> _DATA SEGMENT_
━━━

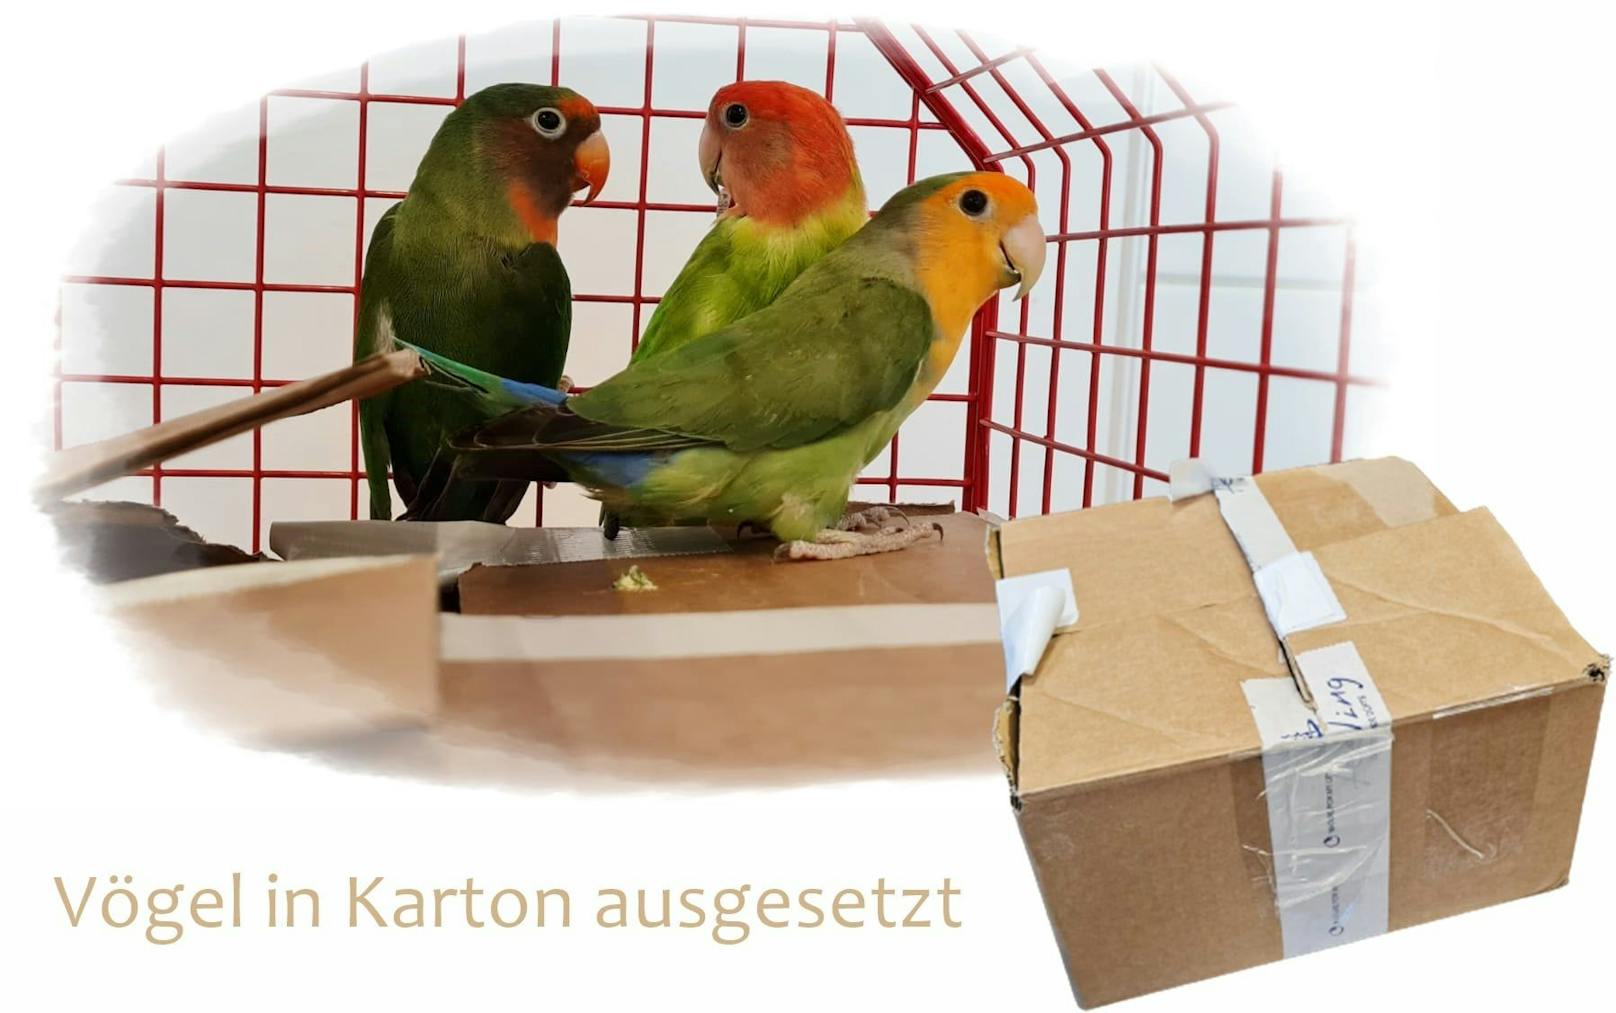 Drei Papageien in Karton gepfercht und ausgesetzt
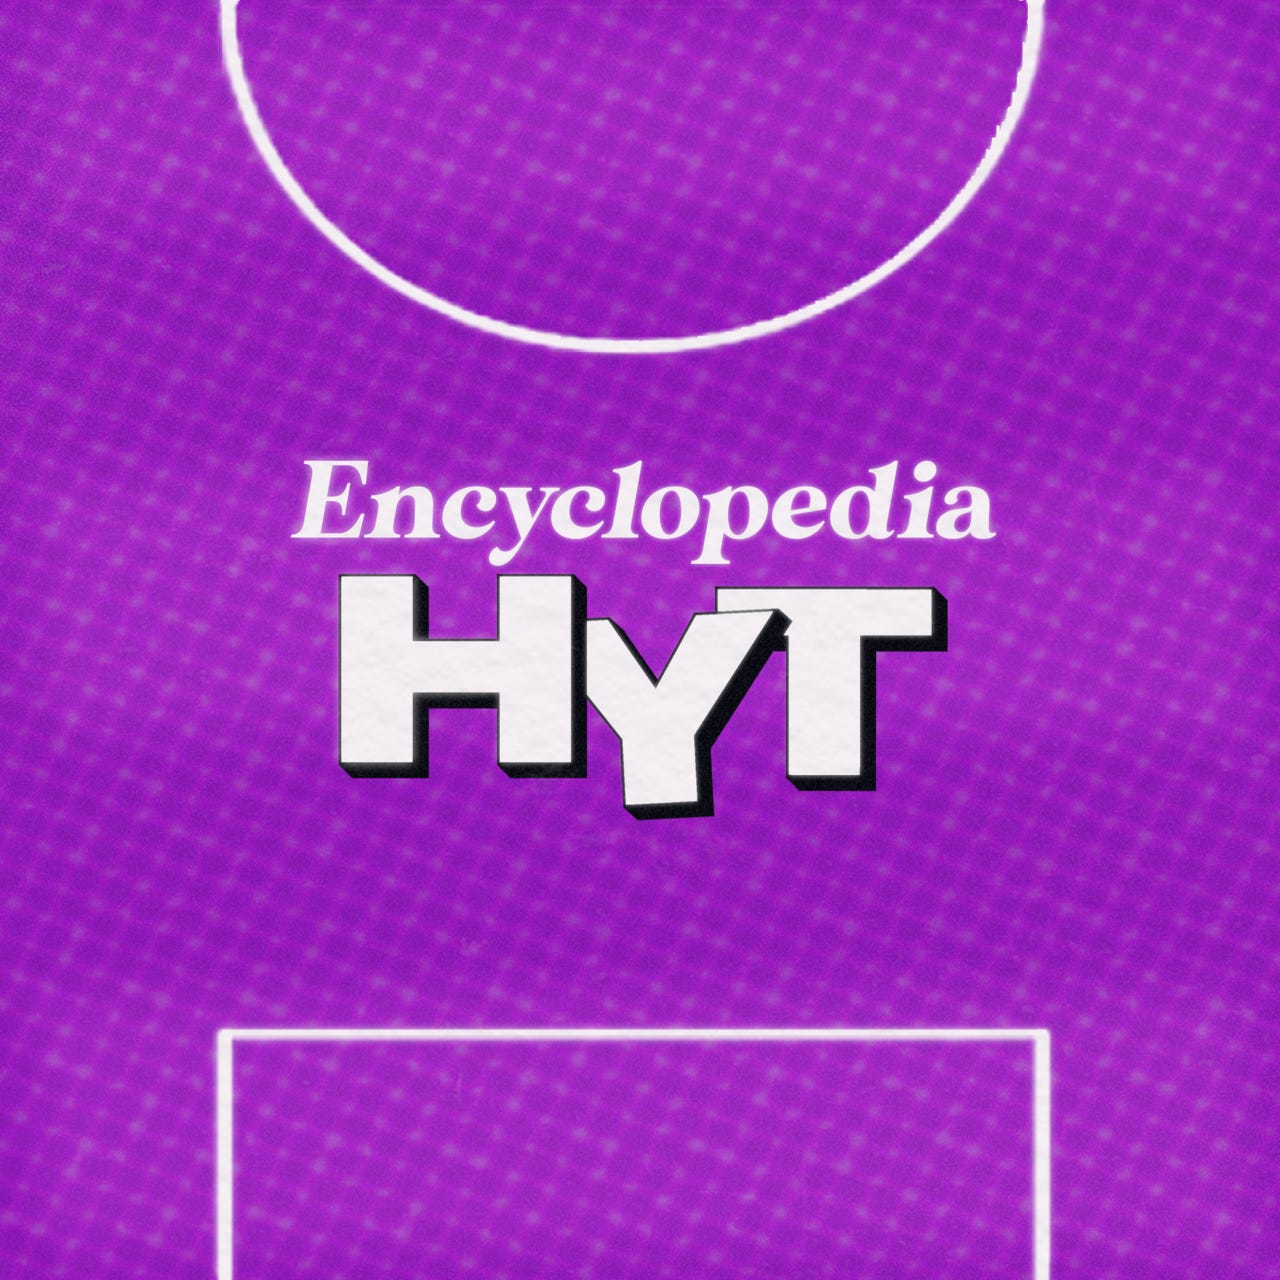 Encyclopedia HYT
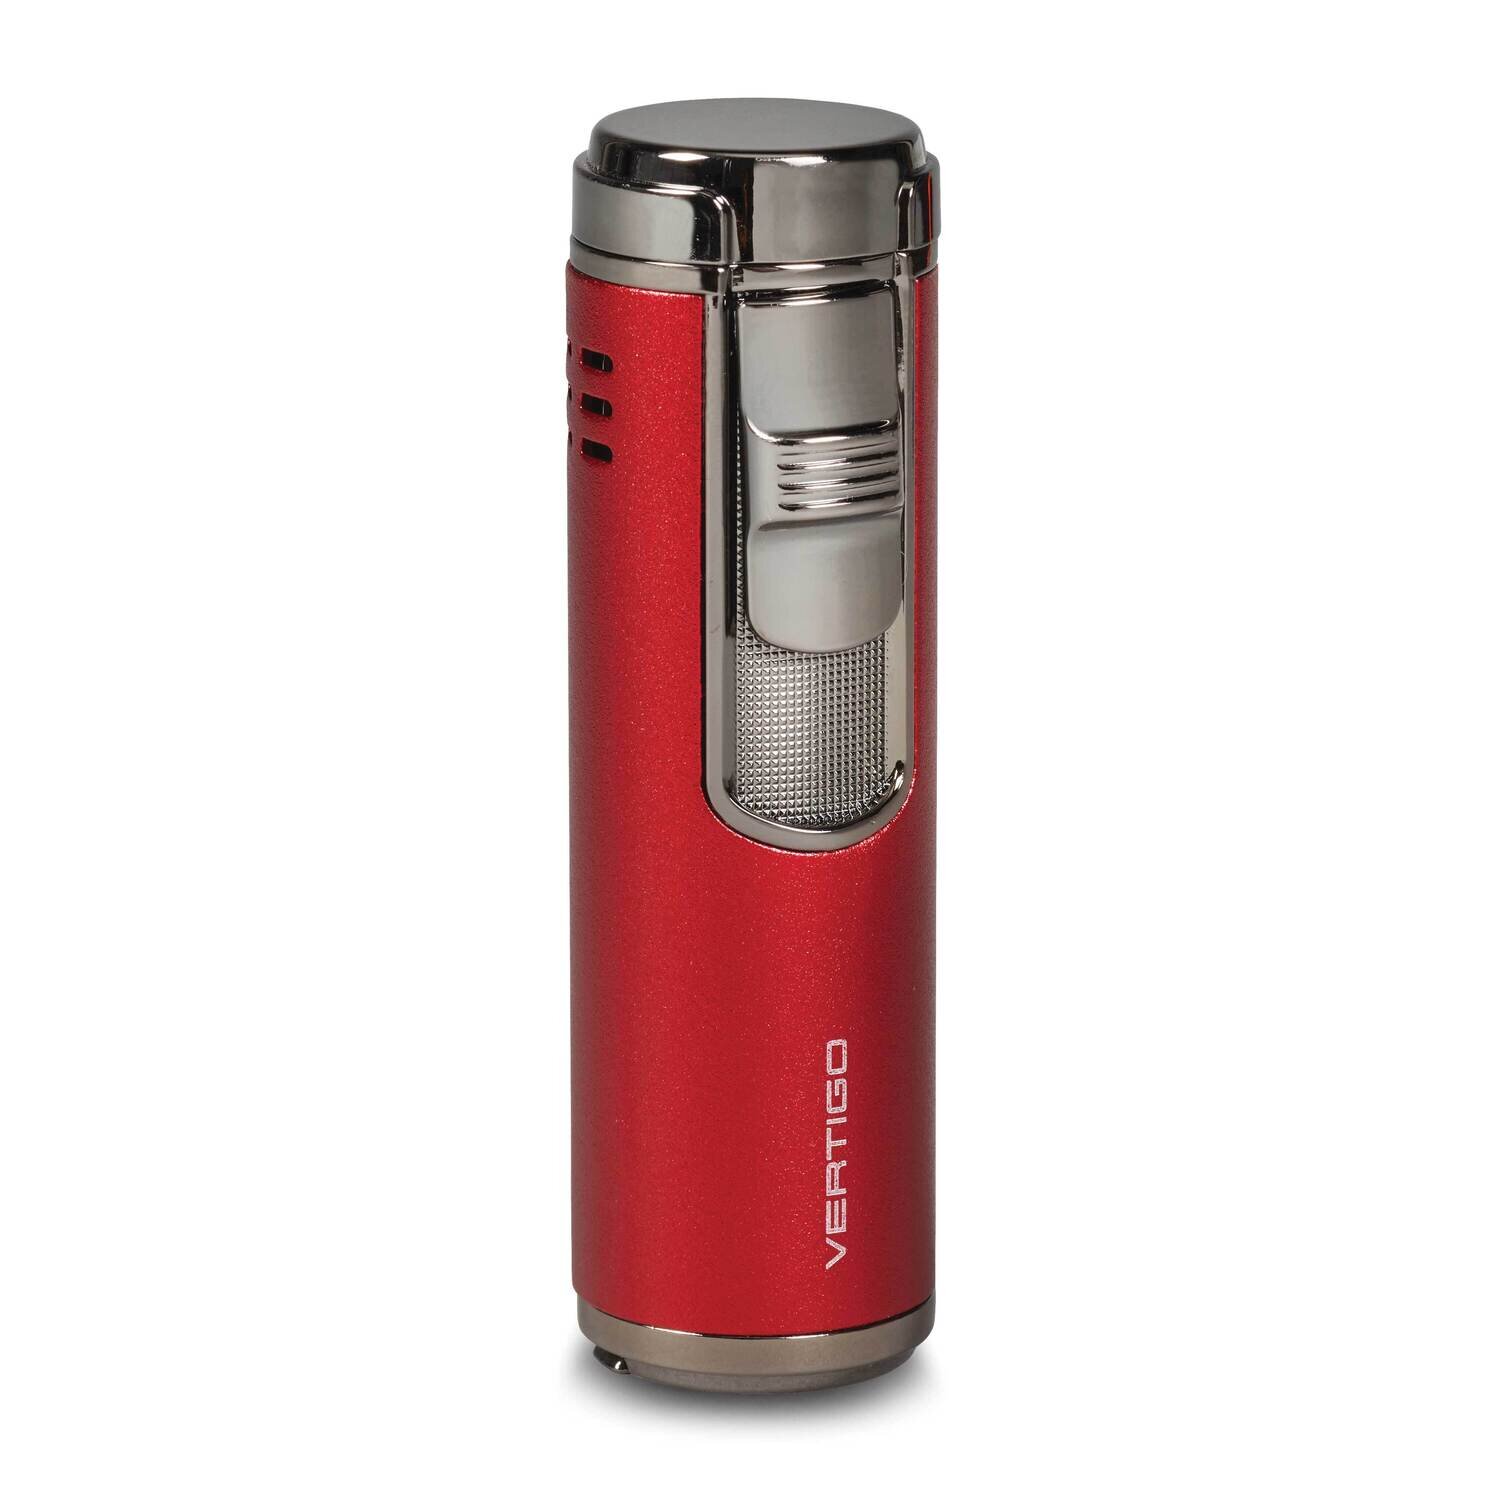 Vertigo Eloquence Red Fold-out Punch Quad Flame Lighter GM25115RD

━━━

> _TASK GOAL_
First drop every picture, then print the data above exactly as it stands.

> _RESPONSE BELOW_
 Drei Papageien in Karton gepfercht und ausgesetzt
 Encyclopedia HYT
 Vertigo Eloquence Red Fold-out Punch Quad Flame Lighter GM25115RD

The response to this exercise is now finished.